Reverse Engineering

3D Scanning & Reverse Engineering

If you have an existing component that is obsolete, worn, or requires design modification, it can be accurately captured and rebuilt using high-precision 3D scanning and reverse engineering workflows.

With accuracy of up to ±0.02 mm, high-resolution structured light technology enables detailed capture of complex, freeform, and organic geometries across a broad range of part sizes. Rapid multi-angle data acquisition ensures complete surface coverage, even on intricate mechanical components.

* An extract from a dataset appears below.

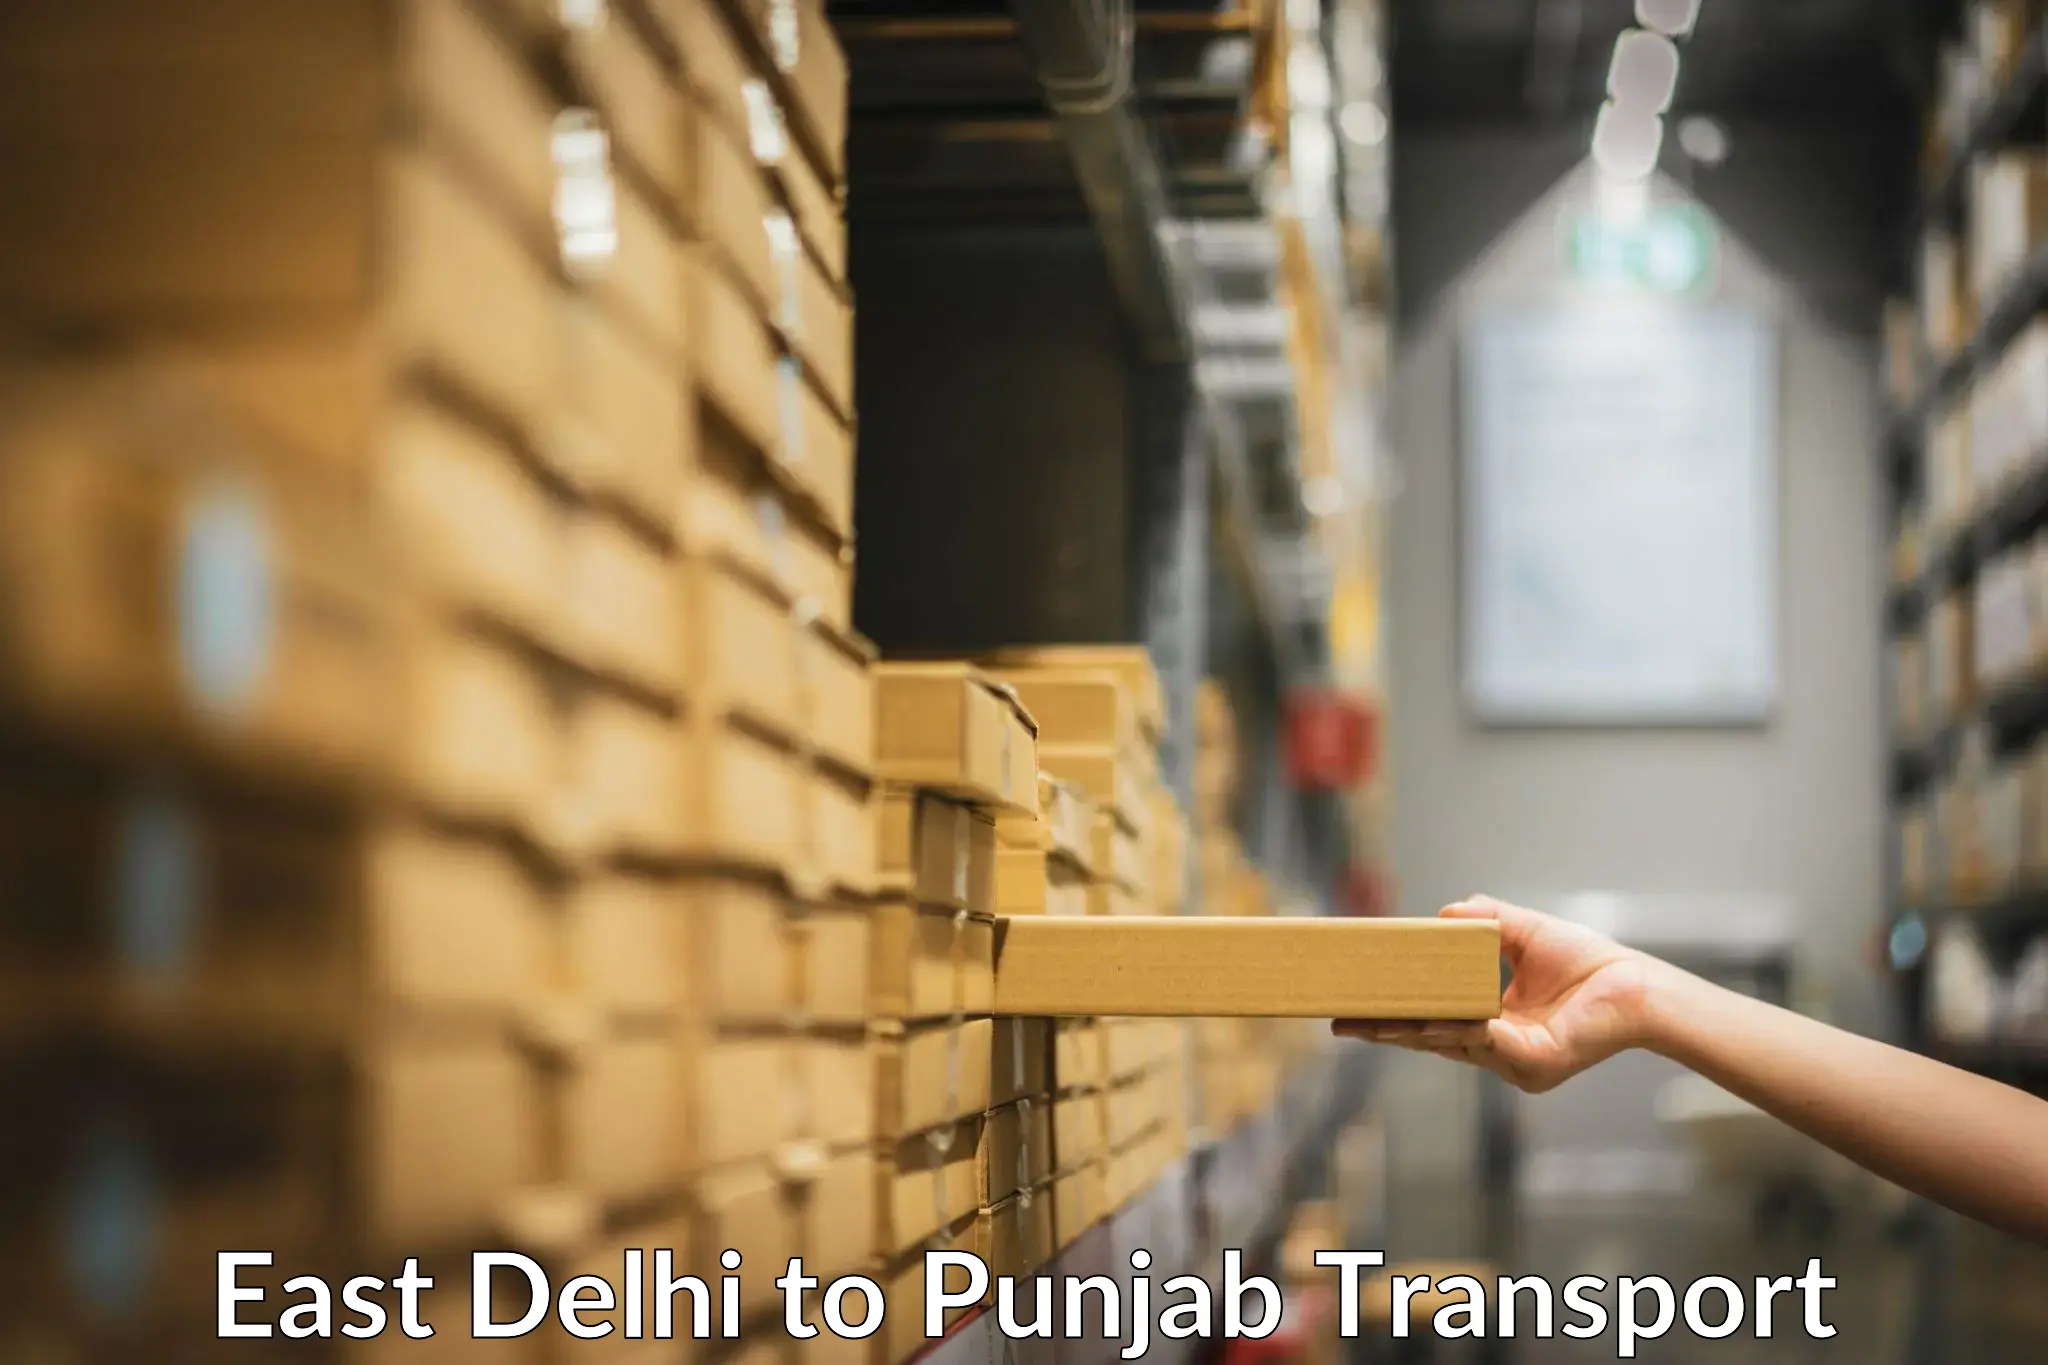 Furniture transport service East Delhi to Begowal

Captured scan data is processed and reconstructed into clean, fully editable CAD models, suitable for manufacturing, inspection, or design refinement. Final deliverables are provided in industry-standard formats including:

• STEP (.stp / .step)

• IGES (.igs / .iges)

• Parasolid (.x_t / .x_b)

Whether replicating a legacy part, correcting geometry, or implementing functional improvements, the result is a precise, production-ready digital model ready to integrate into modern engineering workflows.

Concept & 3D Modelling

While we support projects at any stage of development, we deliver the greatest value when involved early in the design process.

Early collaboration allows us to integrate practical engineering decisions and advanced manufacturing strategies from the outset — reducing development time, minimising cost, and improving overall product performance.

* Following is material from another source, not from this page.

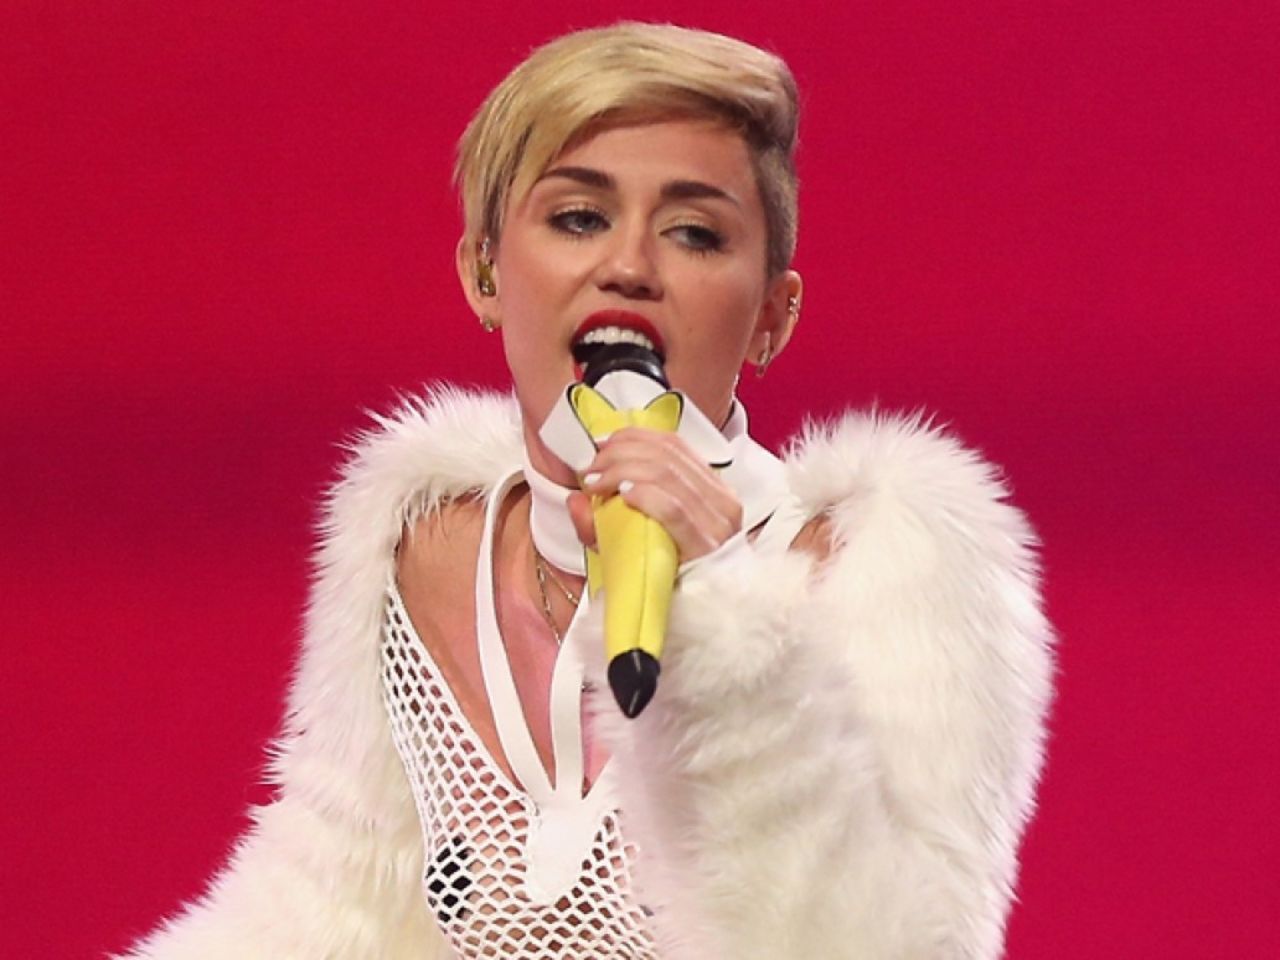 Billy Ray Cyrus le dio a su hija el nombre de "Destiny Hope Cyrus" cuando nació. Según IMDB, la familia de Miley la apodó Smiley, y al final esto se convertiría en Miley.

From initial concept through to production-ready design, we can:

• Define technical design criteria

• Develop and refine product concepts

• Create detailed 3D CAD models

• Produce functional prototypes

• Support documentation for manufacturing or intellectual property

We focus on mechanically innovative products and components intended for efficient, scalable manufacturing — particularly where additive manufacturing can provide a competitive advantage.

SLS Design Optimization

Designing specifically for Selective Laser Sintering (SLS) unlocks the full potential of high-performance polymer manufacturing.

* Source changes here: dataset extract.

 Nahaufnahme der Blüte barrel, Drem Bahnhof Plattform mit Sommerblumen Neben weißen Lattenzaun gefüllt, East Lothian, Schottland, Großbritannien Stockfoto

SLS enables strong, functional parts with complex geometries and scalable batch production — but achieving optimal results requires components to be engineered correctly for the process.

Through SLS-focused optimisation, we improve:

• Build efficiency and nesting strategy to maximise production output

• Wall thickness and feature geometry for structural integrity

• Powder usage and cost control

• Dimensional stability and repeatability

• Part consolidation to reduce assemblies and fasteners

By designing with SLS process behaviour in mind — including thermal characteristics and self-supporting geometries — parts can be stronger, lighter, and more cost-effective.

Small engineering refinements can significantly enhance performance, yield, and manufacturability, delivering durable, production-ready components suitable for end-use applications.